*** Opening of Recorded data ***

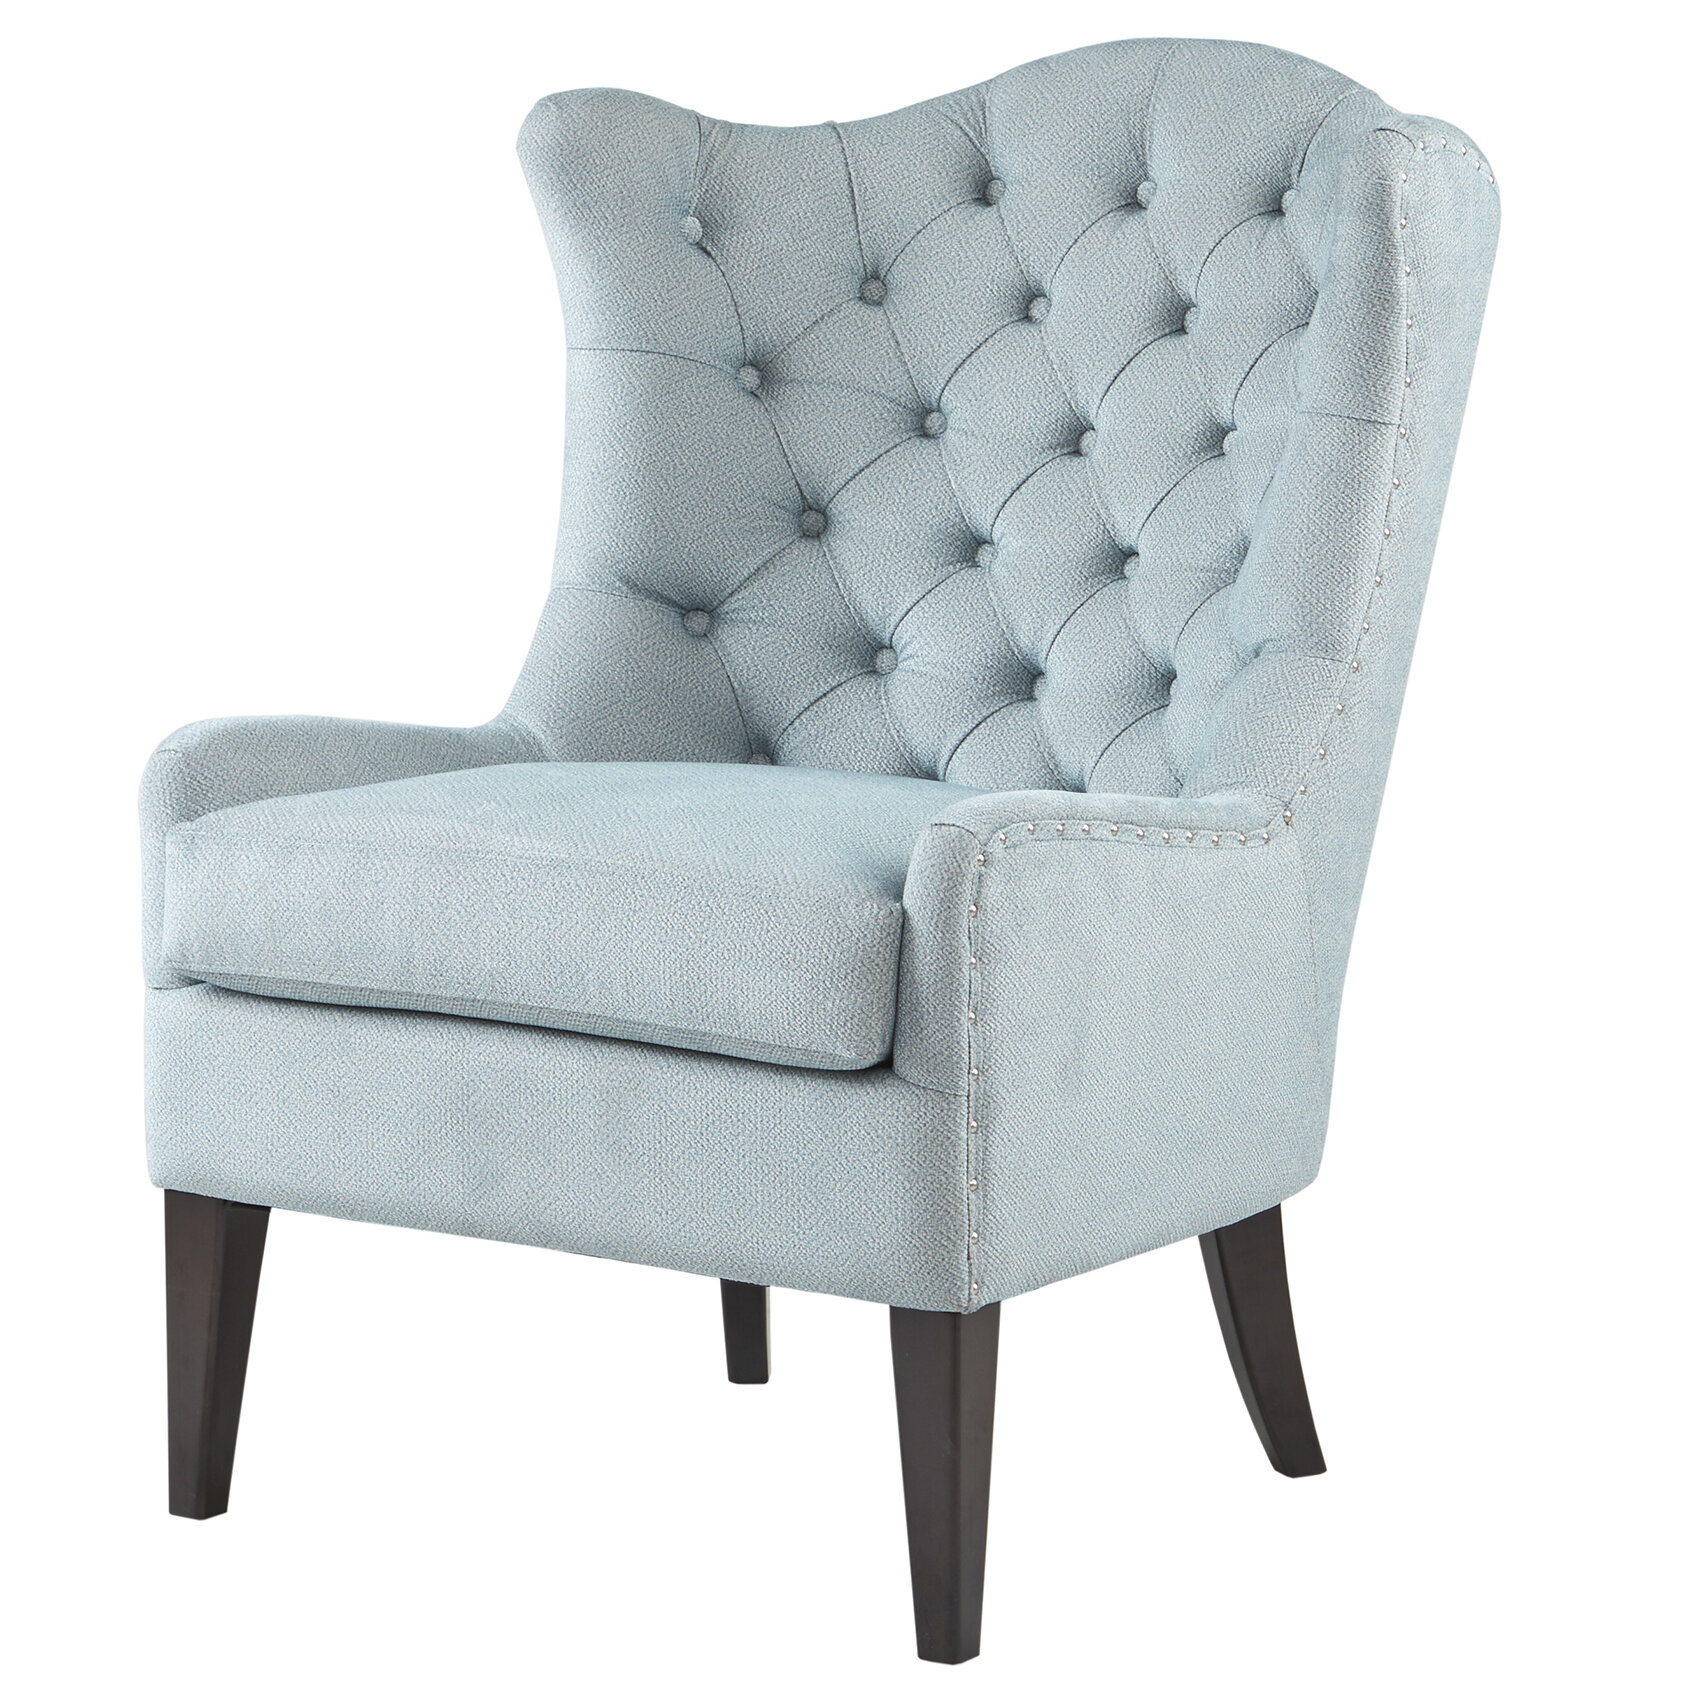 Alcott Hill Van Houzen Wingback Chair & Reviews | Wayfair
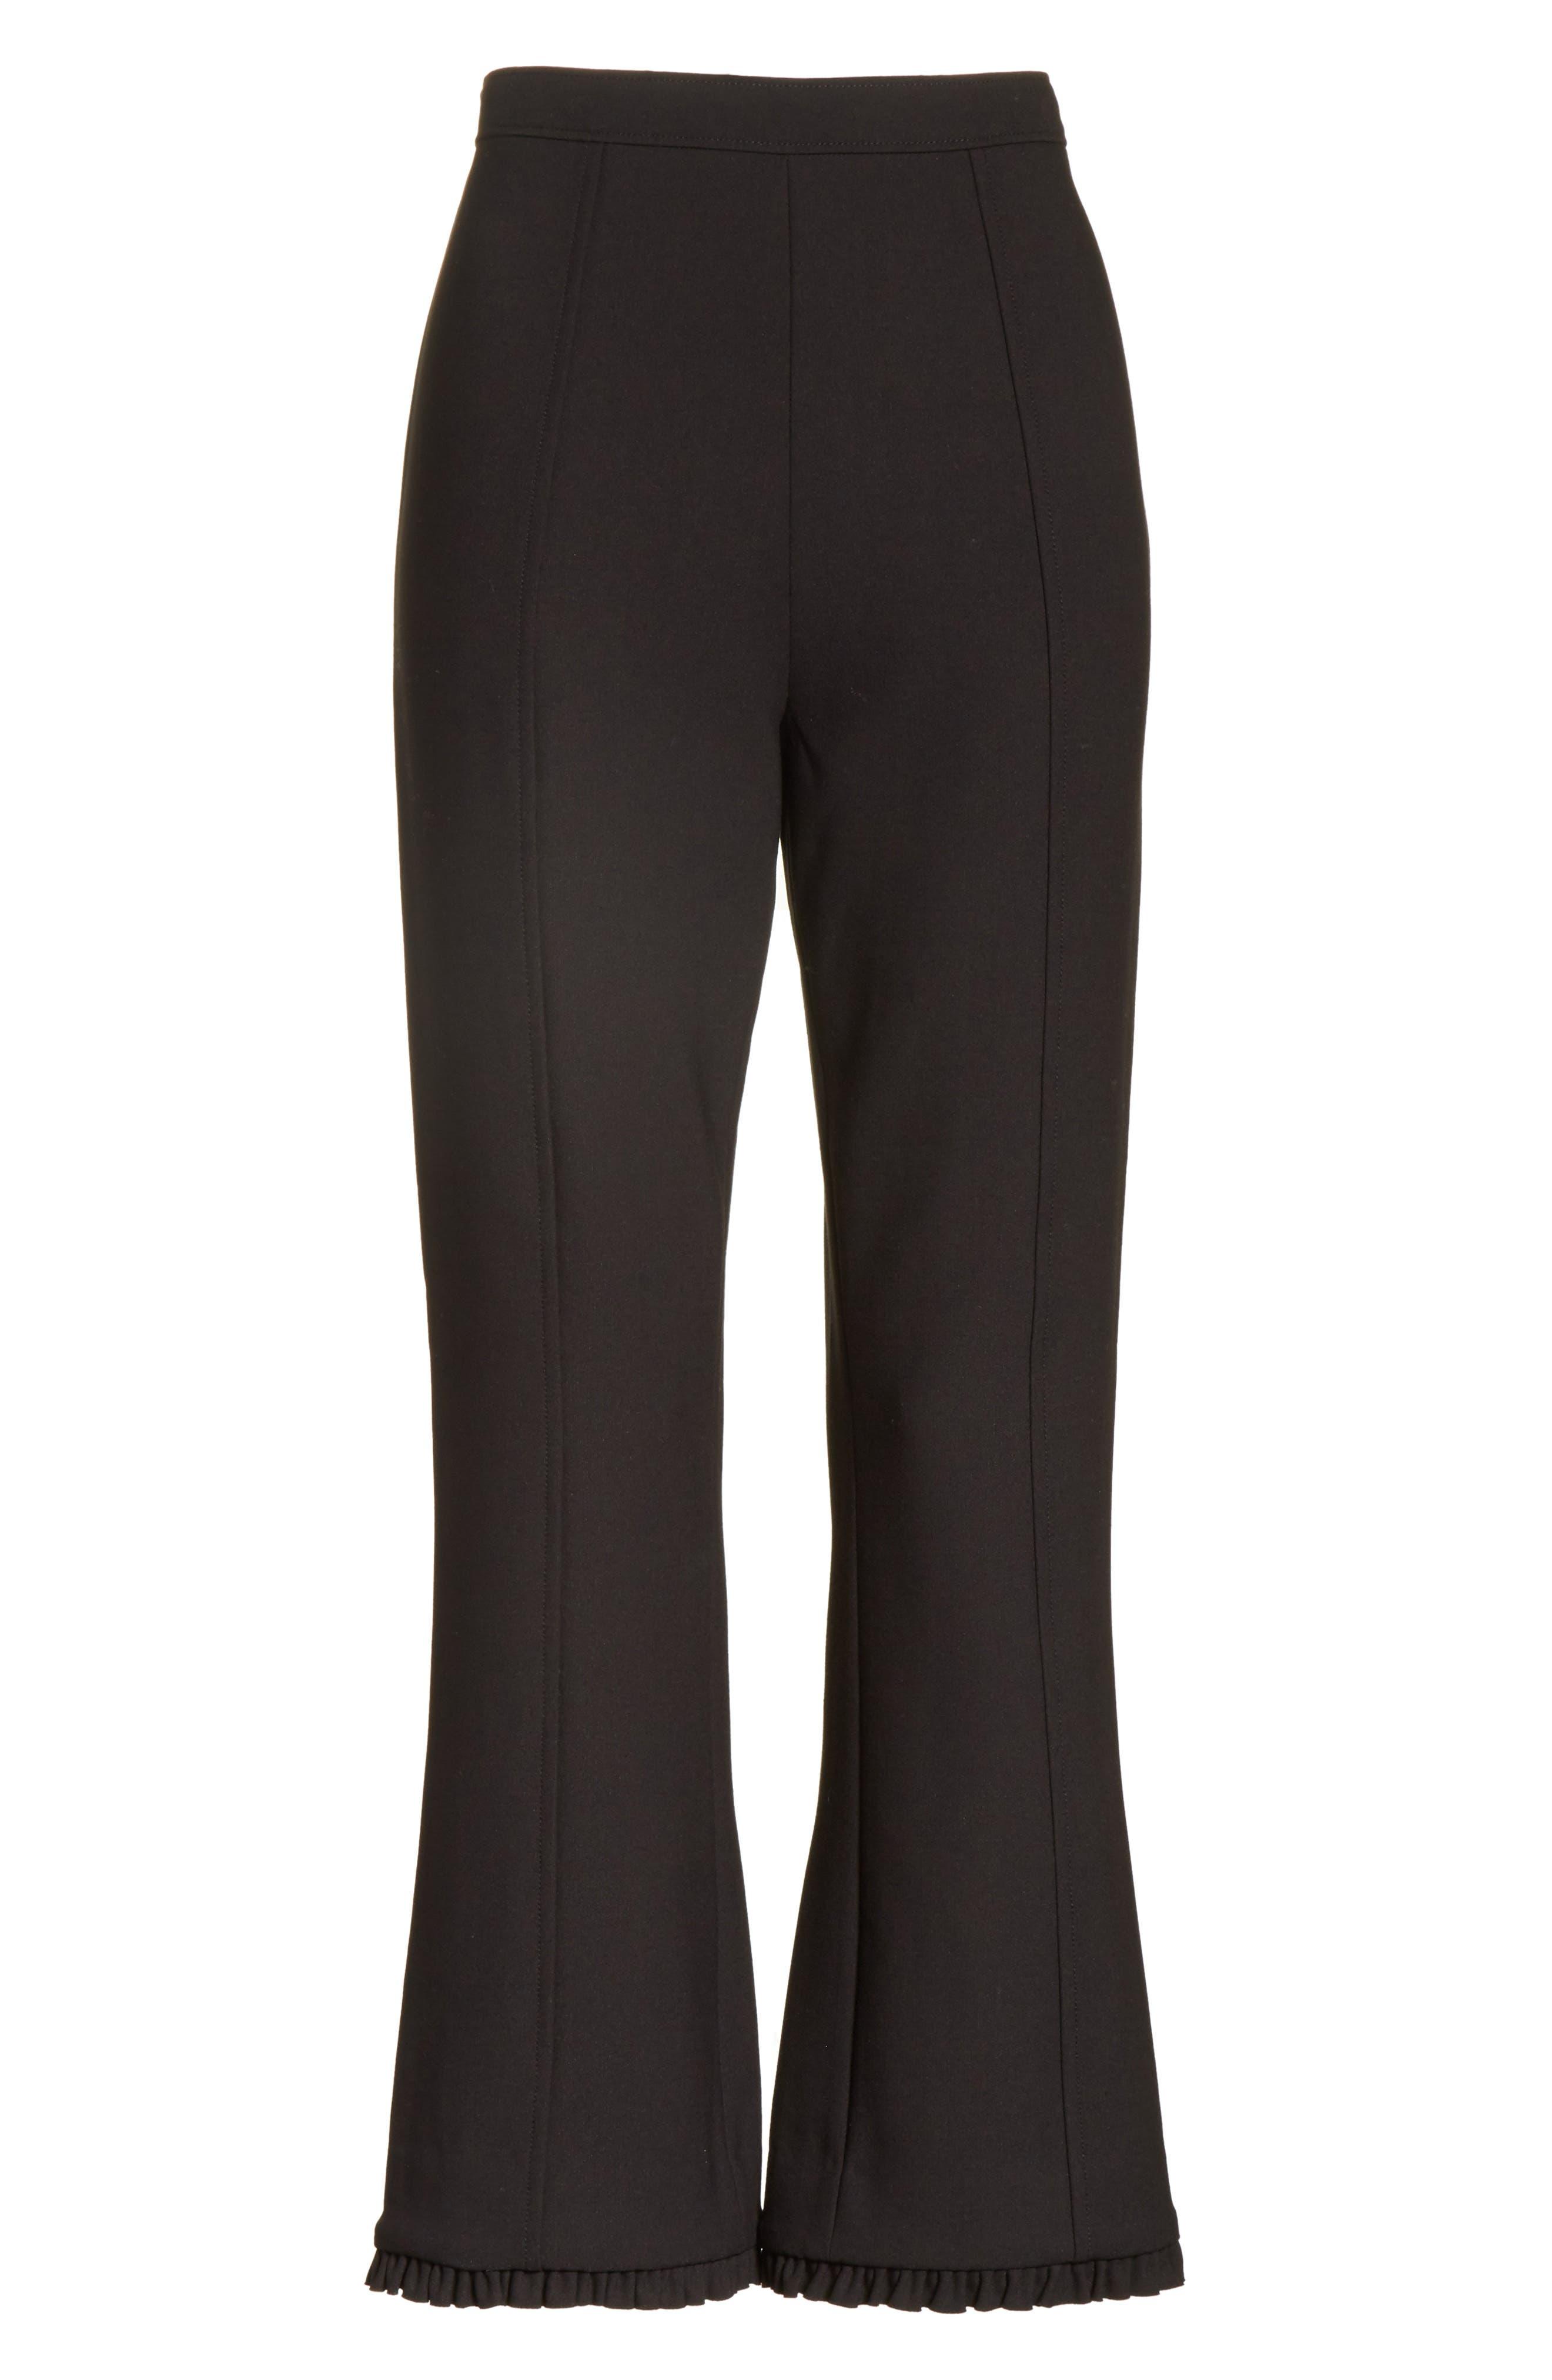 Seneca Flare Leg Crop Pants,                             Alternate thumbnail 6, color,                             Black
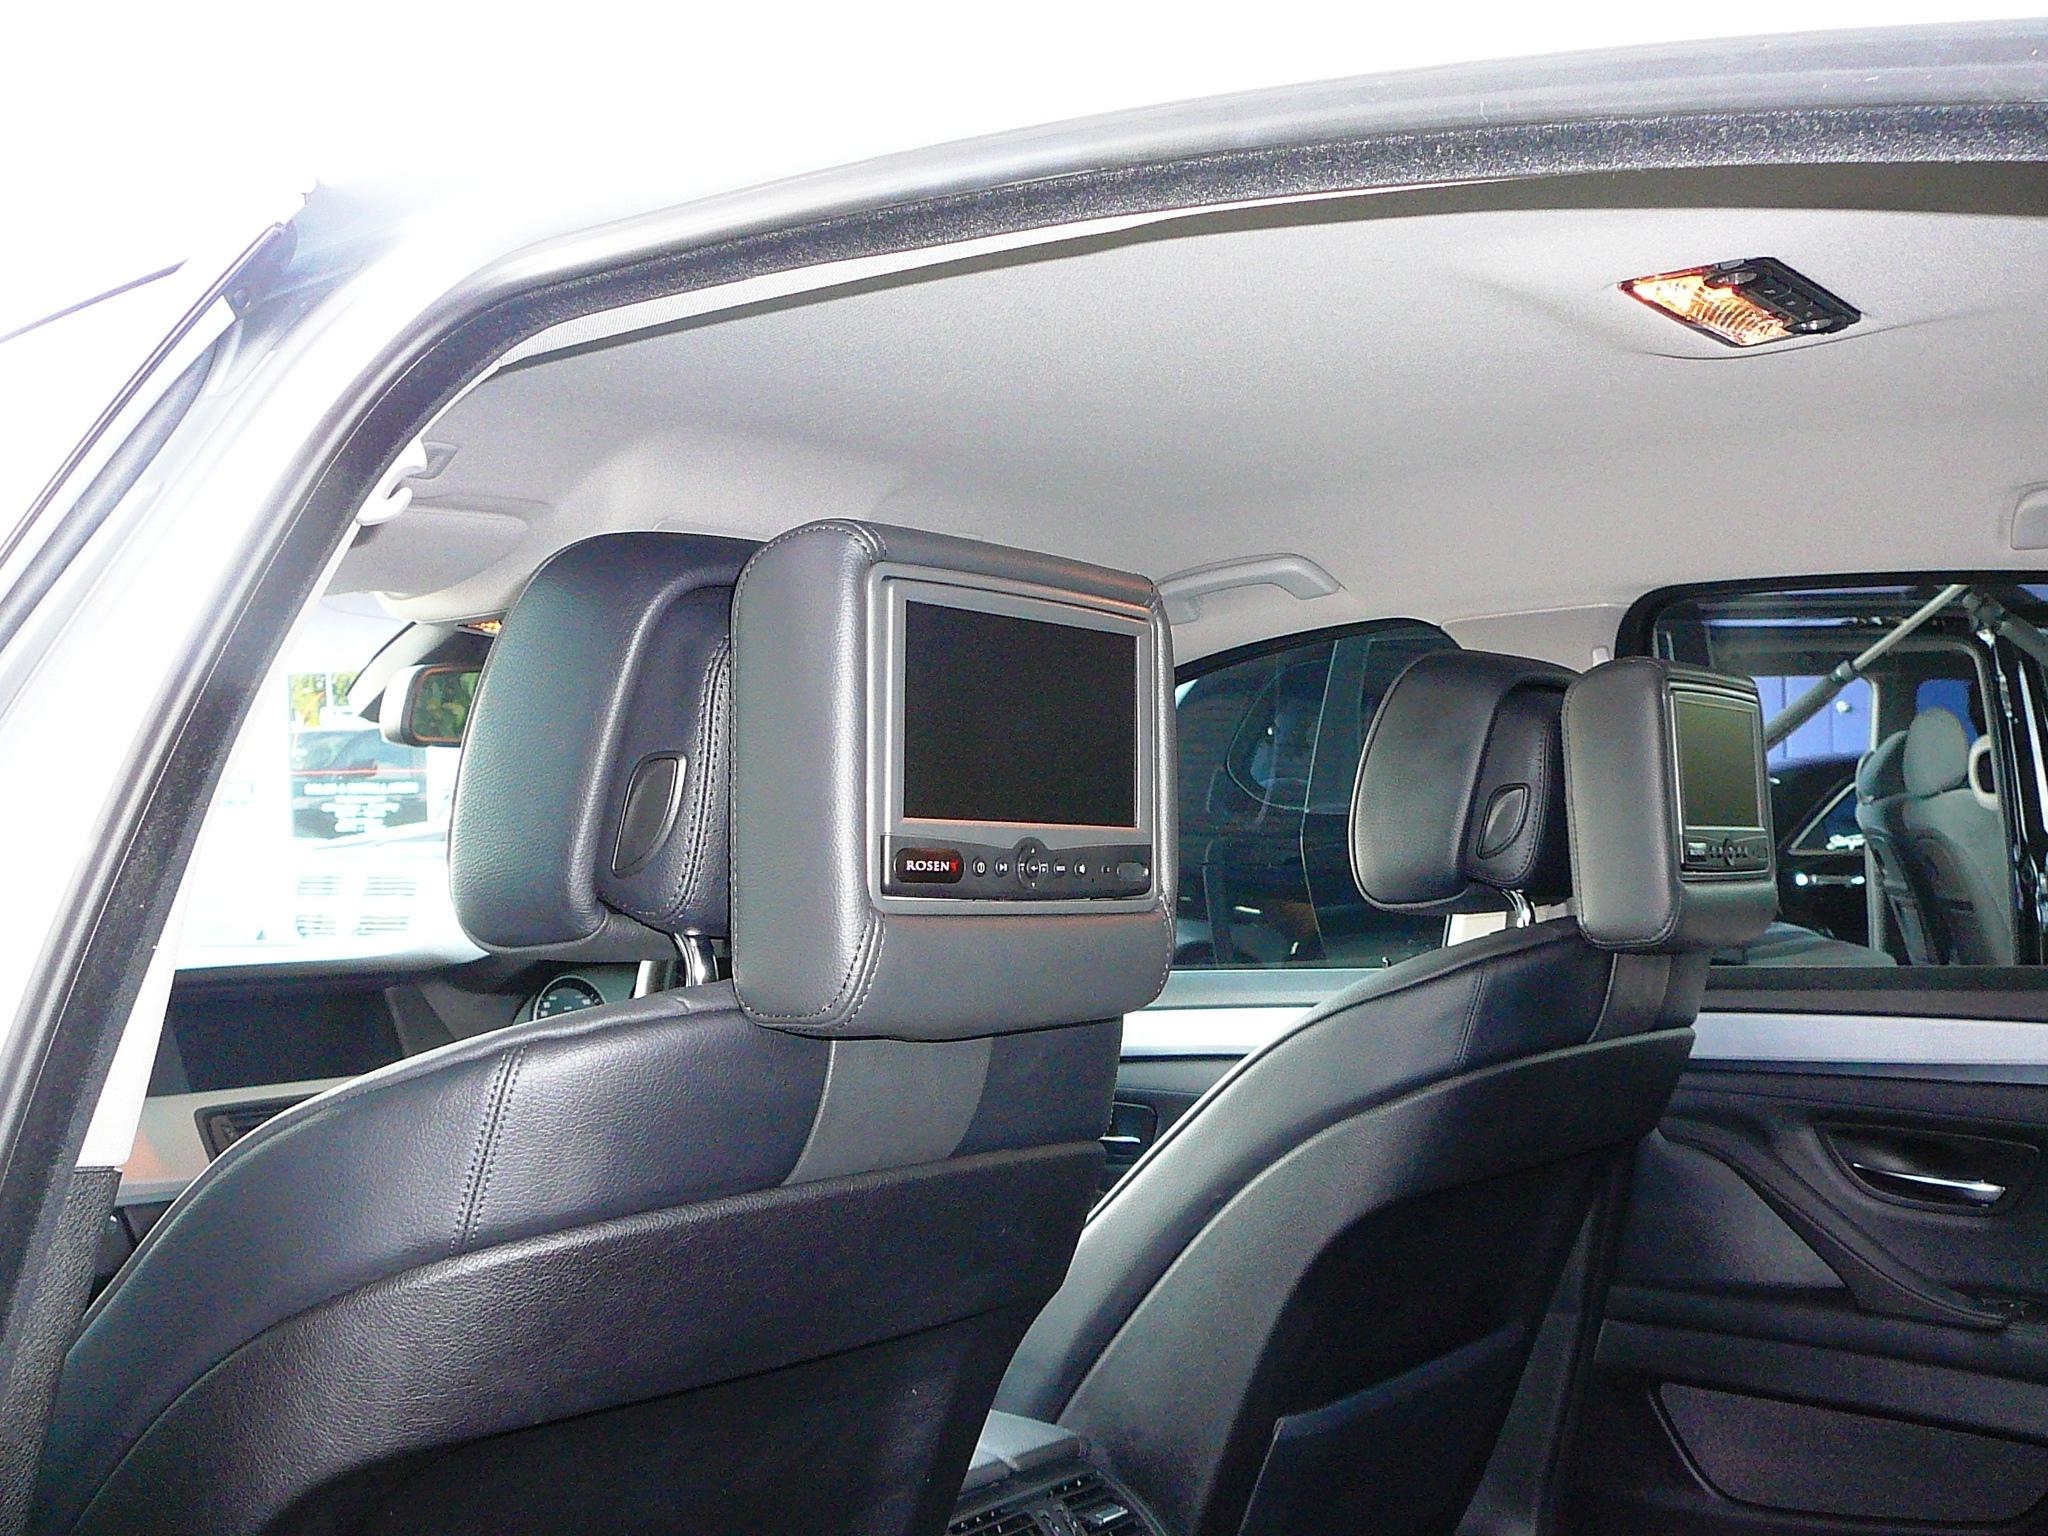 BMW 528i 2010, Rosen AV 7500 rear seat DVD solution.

*** Close of Recorded data ***

### What is expected
Please set down, word for word, the lines starting at the line that holds "Seneca Flare Leg" and running to the end of the listing, with no pictures.

### Answer section
 Seneca Flare Leg Crop Pants,                             Alternate thumbnail 6, color,                             Black
 BMW 528i 2010, Rosen AV 7500 rear seat DVD solution.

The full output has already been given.